17/09/2019


Lombroso e a literatura

Misturando direito e literatura, eu já escrevi aqui sobre a “vida imitando a arte” e a “arte imitando a vida”. Hoje, vou escrever sobre a “literatura imitando o direito”, mais especificamente sobre a literatura imitando a criminologia de Cesare Lombroso (1835-1909).
Lombroso foi – e ainda o é no nosso imaginário – um famoso médico, psiquiatra, antropólogo e criminologista italiano. Nascido em Verona, Lombroso formou-se em medicina pela Universidade de Pavia. Exerceu a profissão percorrendo o seu país, vinculado a hospitais e universidades. Cientista, finalmente juntou-se à Universidade de Turim. Ali, já mais para o fim do século XIX, tem o seu melhor período produtivo. Publicou bastante: de “Gênio e Loucura” (1874) a “O crime, causas e remédios” (1894), passando por “O Homem Delinquente” (1876), sua obra mais célebre. Lombroso é considerado o iniciador da antropologia criminal. E é também tido como o fundador da Escola Positiva do Direito Penal, formando, junto a Raffaele Garofalo (1851-1934) e Enrico Ferri (1856-1929), a tríade de expoentes dessa importantíssima corrente de pensamento jurídico-científico. Lombroso faleceu em Turim, em 1906.
Entretanto, no nosso imaginário – no meu, pelo menos –, Lombroso é sobretudo lembrado pela sua descrição do “criminoso nato”, como parte de uma classificação, toda sua, dos delinquentes. Aquele sujeito disforme, assustador até, que nos acostumamos a chamar de lombrosiano. Estaria Lombroso certo nessa sua imagem morfologicamente degenerada do tal criminoso nato? Como pergunta Lemos Britto (1886-1963), em seu “O crime e os criminosos na literatura brasileira” (Livraria José Olympio Editora, 1946): “Será mesmo que os indivíduos de mãos imensas, pesadas ou disformes, são tipos nos quais se observa uma regressão atávica ao homem primitivo, ao selvagem, e que trazem diluída no sangue a vontade mórbida de matar por estrangulamento?”.
É claro que Lombroso exagerou, para dizer o mínimo, no que diz respeito aos caracteres morfológicos dos criminosos. De fato, conhecemos inúmeros autores de crimes bárbaros que em nada se parecem com o criminoso nato lombrosiano. E a classificação do professor italiano não resistiu por muito tempo às críticas dos estudiosos.
Todavia, Lombroso teve seus méritos.

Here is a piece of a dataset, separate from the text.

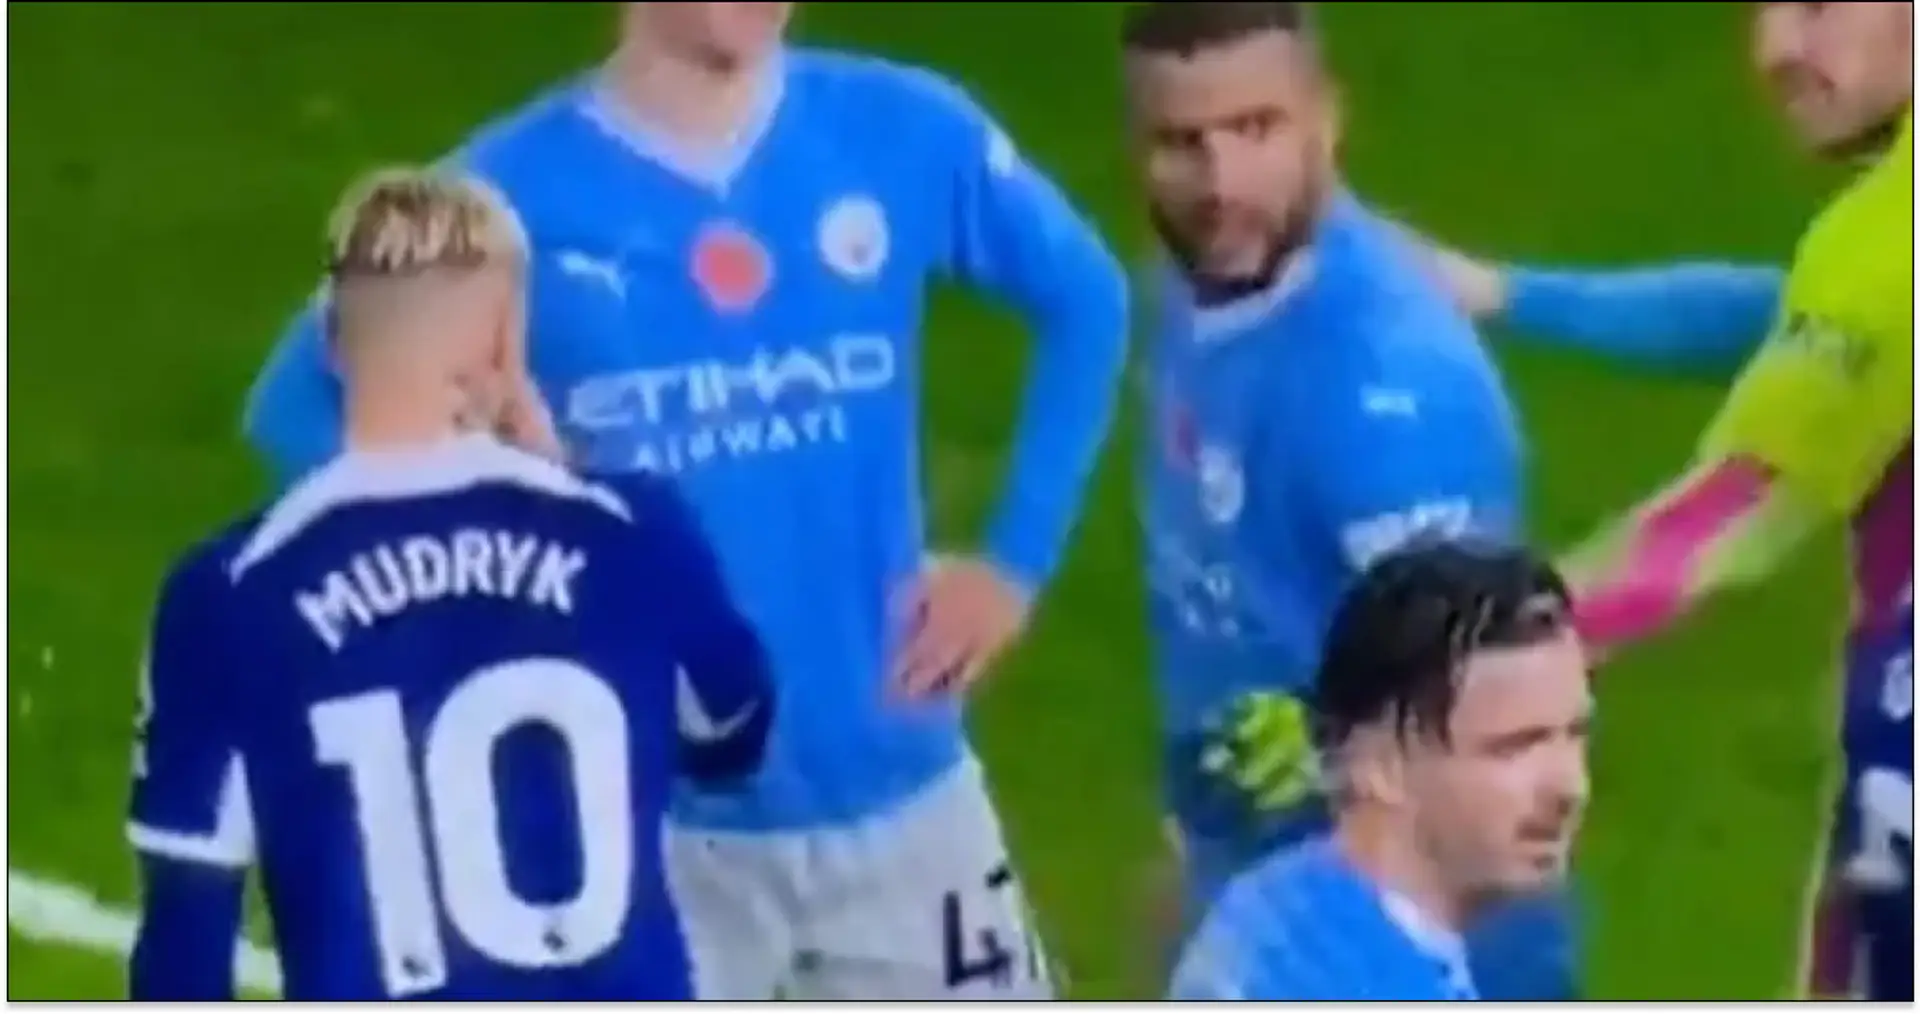 'That's a s***housery award': Mudryk appears to wipe snot on Walker's shirt
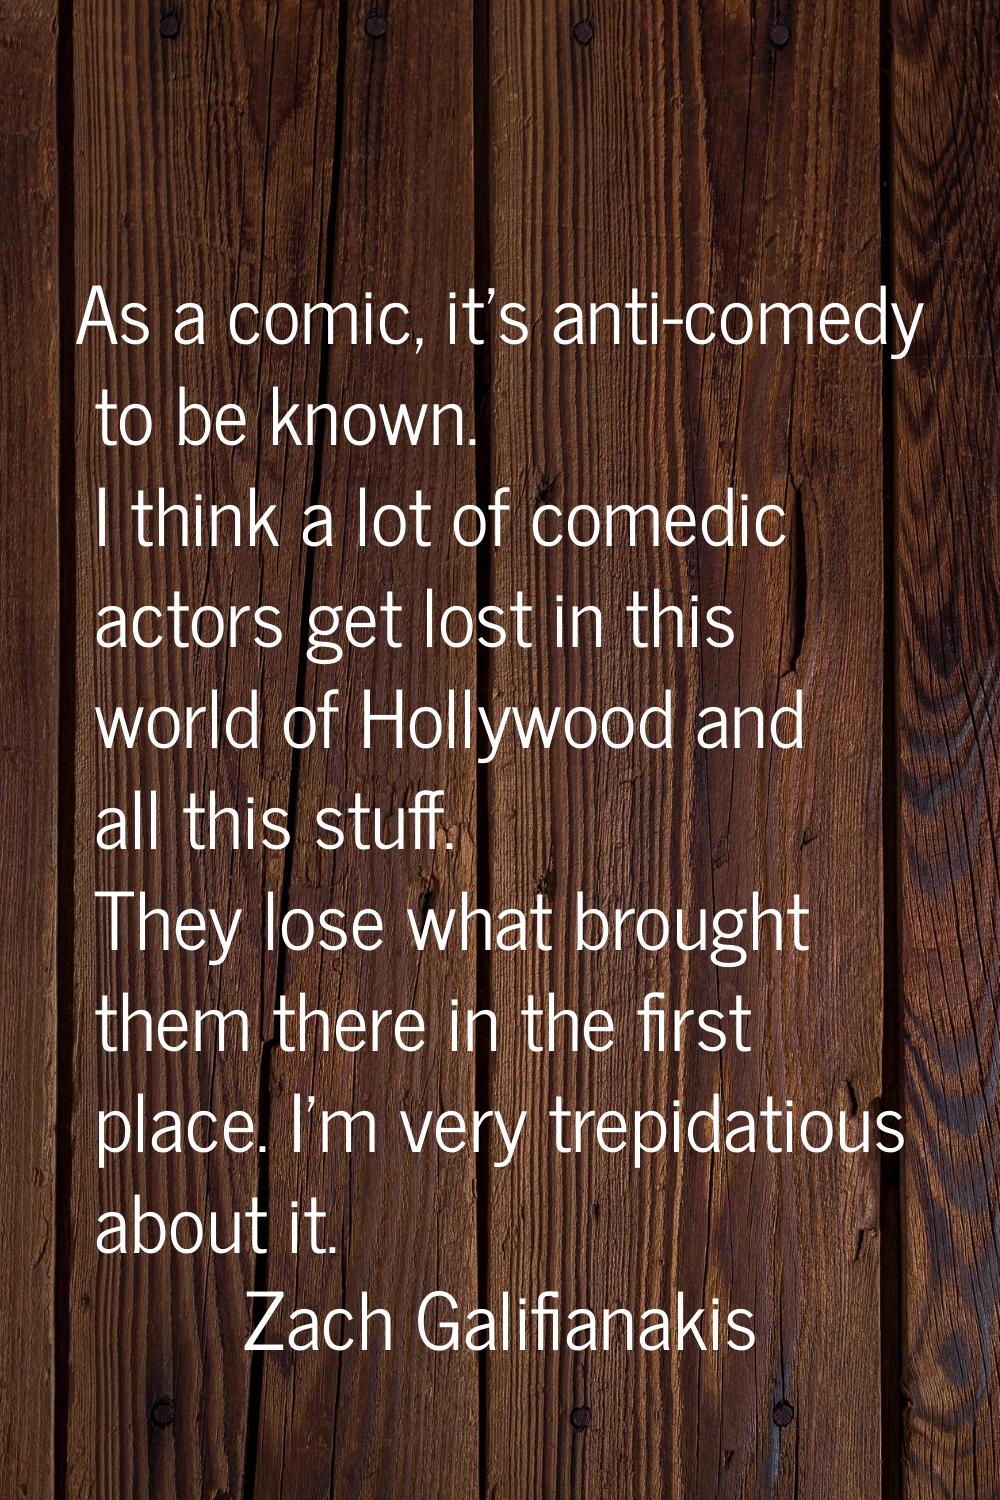 As a comic, it's anti-comedy to be known. I think a lot of comedic actors get lost in this world of

Antes de mais nada, como reli estes dias no “Direito Penal” (Editora Saraiva, 1990), de E. Magalhães Noronha (e como escreviam bem esses penalistas de outrora), “o de haver iniciado o estudo da pessoa do delinquente. Com ele, este deixou de ser considerado abstratamente. Foi a antropologia criminal que pôs em evidência a pessoa do criminoso, procurando investigar as causas que o levavam ao delito, ao mesmo tempo que forcejava por indicar os meios curativos ou tendentes a evitar o crime”.
Lombroso teve ainda outro mérito especial: o de ter dado azo ou material para estudo e imaginação dos literatos, como é o polêmico caso do naturalista Émile Zola (1840-1902), o autor de “A besta humana” (1890). Durante muito tempo existiu a ideia na literatura – e isso, de certa forma, ainda hoje perdura – de que os grandes delinquentes, os criminosos cruéis, possuem, para além de uma degeneração psicológica, estigmas morfológicos à moda de Lombroso e da sua antropologia criminal. E obras literárias “lombrosianas” abundam.
Especialmente interessante é o caso do nosso Pedro Américo (1843-1905) e do seu “O Foragido” (de 1899). E aqui, quando uso o “nosso”, o faço com precisão, porque esse homem das letras e da ciência, e sobretudo virtuose do pincel, é paraibano de Areia. Pedro Américo vivia na Itália no tempo em que as ideias de Lombroso perambulavam pelos arredores civilizados de então. Escritor e genial pintor, certamente aí está a explicação para Pedro Américo fixar os pormenores “lombrosianos” de suas personagens literárias.
É o caso da curandeira Cericê, apresentada como um tipo degenerado à moda das velhas feiticeiras da Itália mística. Eis a descrição, quase fotográfica, que reproduzo do livro de Lemos Britto: “Era uma cabocla de seus quarenta anos, mas cuja pele incrustada, rugosa, amarela como uma cucurbitácea madura, e variegada na testa, em torno dos lábios e nos braços de arabescos de cor azul e roxa, parecia indicar sessenta. De baixa estatura, sem ombros, volumosa e roliça até a base do tronco, era, daí para baixo, magra, seca e como lignificada sobre os pequeninos pés, dos quais um tinha quatro dedos e outro apenas três. Ajunte-se-lhe um crânio deprimido, fortes zigomáticos, nariz quase hipotético, maxilares enormes, dentes alvos a saírem-lhe da boca e uns pequenos olhos vivíssimos sem esclerótica, porque recobertos dos babados e das bordas de saco a que ficaram reduzidos as antigas pálpebras tumefactas e os tegumentos infra-orbitários, e teremos uma fraca imagem da figura tenebrosa, achavascada e quase pré-histórica desse novo Hipócrates de cabeção e saiote”.
Bom, não sou um lombrosiano. Nem seguidor nem, muito menos, um criminoso. Mas reconheço que Lombroso foi um visionário. Para o direito e para a literatura. Devemos dar a Cesare o que é de Cesare.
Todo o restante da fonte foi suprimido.